2. A composition containing the bifunctional peptide of claim 1 or a pharmaceutically or food-grade salt thereof.
3. The use of the bifunctional peptide as described in claim 1 or a pharmaceutically or food-grade acceptable salt thereof in the preparation of flavorings or food additives.
4. The use of the bifunctional peptide as described in claim 1 or its pharmaceutically or food-grade acceptable salt in enhancing the umami flavor of food.
5. The use of the bifunctional peptide as described in claim 1 or a pharmaceutically or food-grade acceptable salt thereof in the preparation of food antioxidants.
6. The use of the bifunctional peptide as described in claim 1 or a pharmaceutically or food-grade acceptable salt thereof in the preparation of umami enhancers.
7. The use of the bifunctional peptide as described in claim 1 or a pharmaceutically or food-grade acceptable salt thereof in the preparation of food ingredients that simultaneously possess both umami-enhancing and antioxidant functions.

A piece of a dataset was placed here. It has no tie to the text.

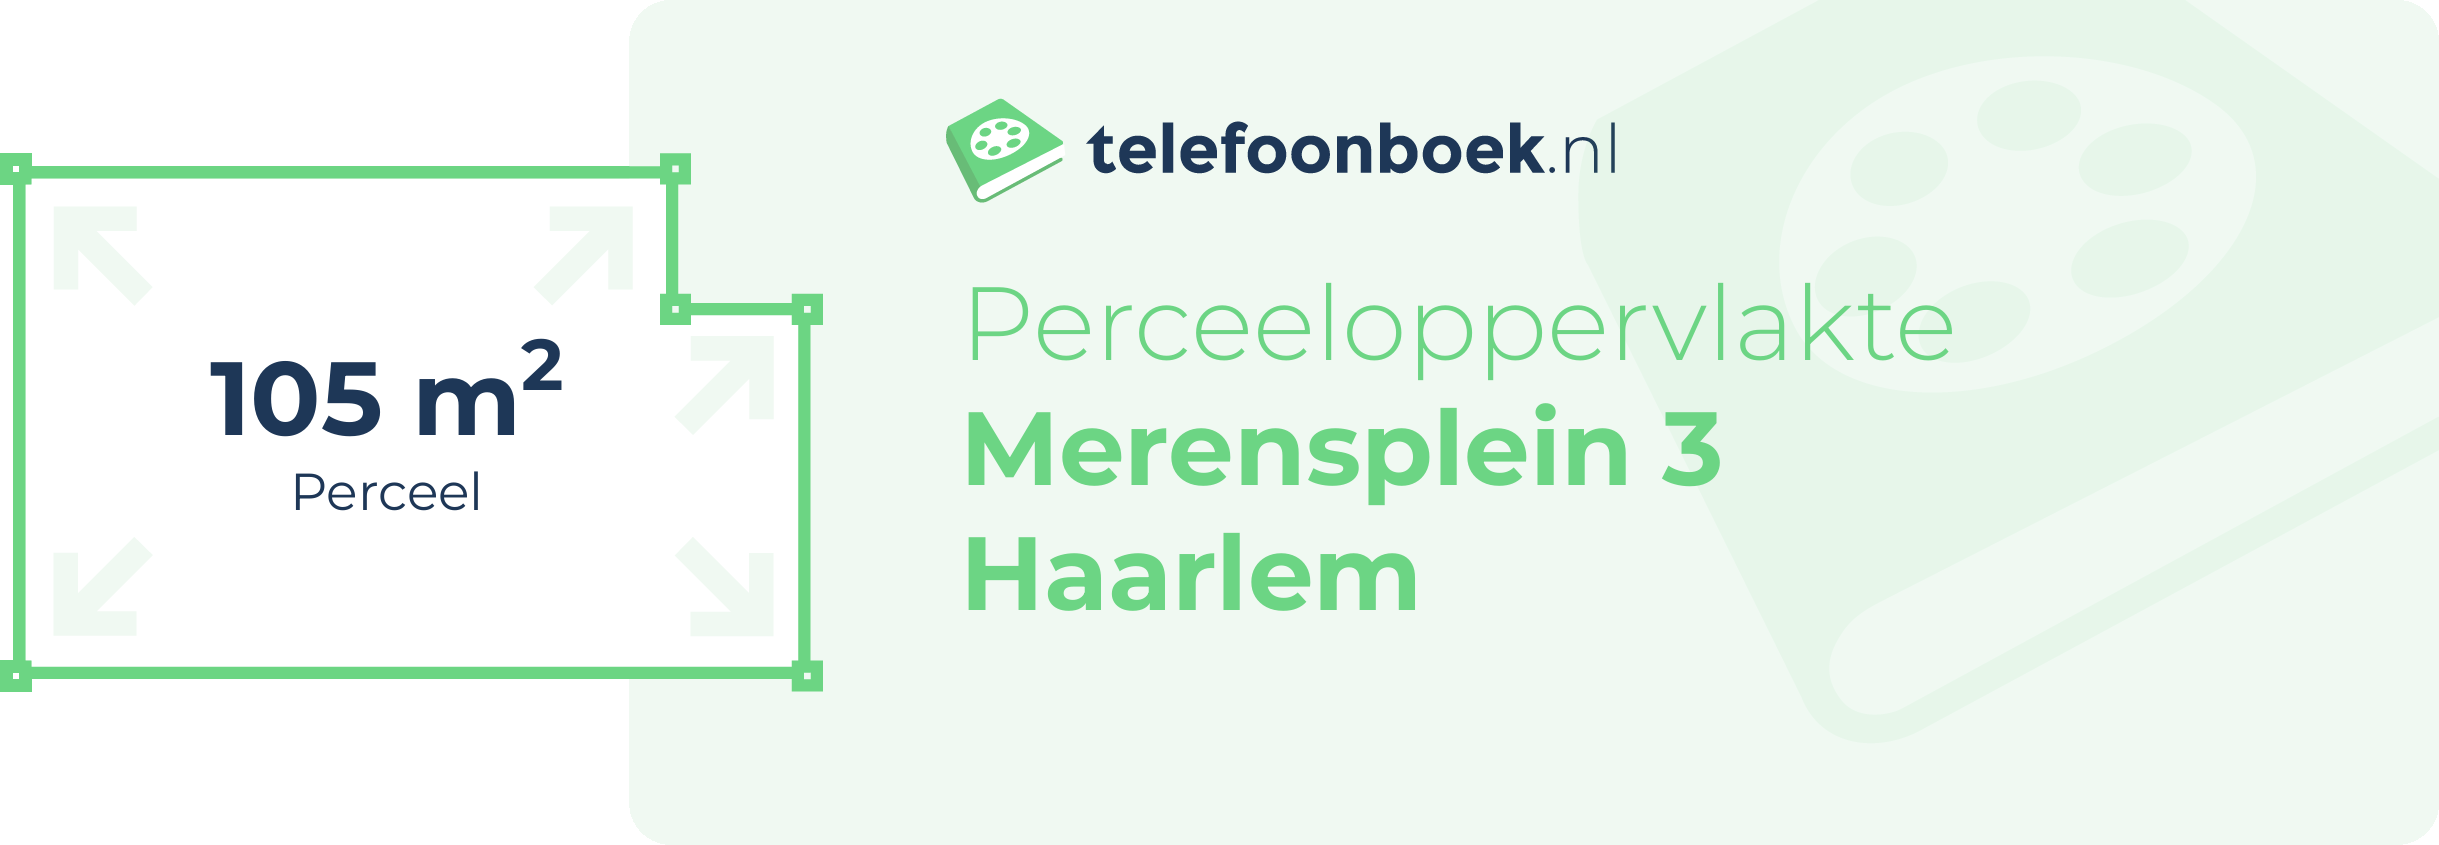 Perceeloppervlakte Merensplein 3 Haarlem

8. A condiment, characterized in that, Includes the bifunctional peptide of claim 1 or a pharmaceutically or food-grade acceptable salt thereof.
9. A food antioxidant, characterized in that, Includes the bifunctional peptide of claim 1 or a pharmaceutically or food-grade acceptable salt thereof.
10. A flavor enhancer, characterized in that, Includes the bifunctional peptide of claim 1 or a pharmaceutically or food-grade acceptable salt thereof.